Ces modifications ont pour but principalement de : - réguler l'activité des protéines, - les "étiqueter" afin qu'elles soient reconnues par d'autres molécules ou par des 30 systèmes de dégradation, - les ancrer dans une membrane, - les intégrer à une cascade de signalisation, - les "adresser" à un compartiment cellulaire, - définir une identité immunologique (groupes sanguins). 35 Dans la cellule, ces modifications ont un rôle important de régulations (activation/inhibition principalement) à deux niveaux : cytoplasmique et nucléaire. Pour ce qui est des protéines cytoplasmiques, ces diverses modifications post-traductionnelles rendent, entre autres, les protéines aptes ou non à transmettre des signaux reçus par les cellules et à activer les cascades de signalisation appropriées à ces signaux. Pour ce qui est des protéines nucléaires comme les histones entre autres, ces modifications posttraductionnelles vont moduler ou non l'état de compaction de la chromatine (ADN portant des protéines), réguler ainsi la machinerie transcriptionnelle et par conséquent permettre ou non l'expression ou la répression de certains gènes.
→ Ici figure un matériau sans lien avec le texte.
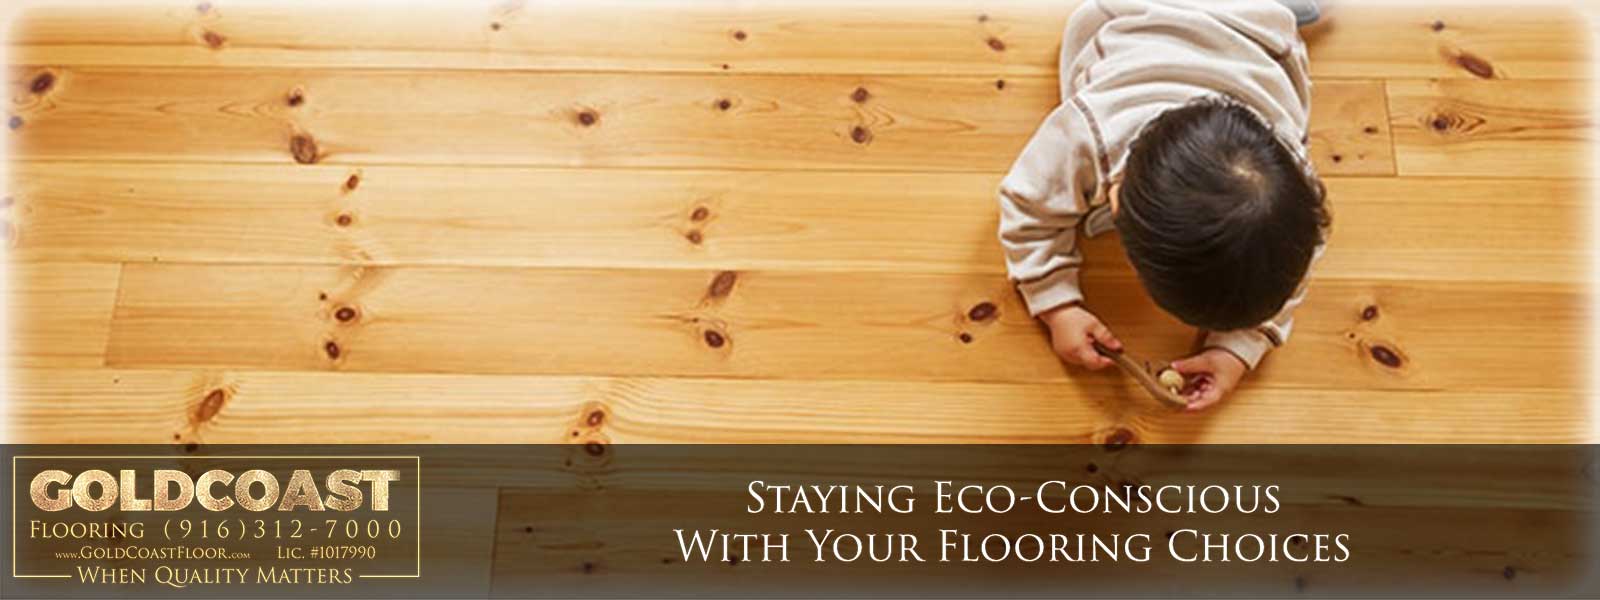 Staying Eco-Conscious With Your Flooring Choices

Il est aisé de comprendre que certaines de ces modifications sont cruciales dans la physiologie cellulaire, que certains dérèglements sont sources de pathologies. Ainsi, la connaissance et la compréhension des mécanismes régulant ces modifications peuvent s'avérer fort intéressant dans les domaines non seulement de la recherche fondamentale mais aussi et surtout le domaine thérapeutique. En effet, avec des outils précis d'expérimentation, il est possible de lever certains verrous, de comprendre des dysfonctionnements cellulaires et éventuellement de prévenir ou guérir des pathologies.
Il est donc indispensable pour cela de disposer d'outils maitrisés pour identifier, détecter, localiser voire quantifier et induire ou éviter ces modifications. Certaines de ces modifications post-traductionnelles ont été largement décrites dans la littérature. Ainsi, il a été mis en évidence l'importance des phosphorylations des résidus sérine et thréonine précisément dans les transductions cellulaires. Ces phosphorylations sont réalisées via les protéines kinases et sont en partie responsables de la régulation de la protéine p53, une protéine fortement impliquées dans de nombreux cancers. Par ailleurs, on sait que l'acétylation des histones joue, entres autres, un rôle dans la réparation de l'ADN et l'apoptose. Ces deux phénomènes lorsqu'ils sont mal régulés entrainent des pathologies graves. On sait également que ces différentes modifications post-traductionnelles peuvent interagir et se réguler mutuellement par le biais, par exemple, d'une compétition entre elles. C'est précisément le cas, par exemple, pour la méthylation d'un résidu arginine d'une protéine donnée qui peut être empêchée par la phosphorylation d'un résidu voisin, la cellule régulant ainsi l'effet de cette modification post-traductionnelle.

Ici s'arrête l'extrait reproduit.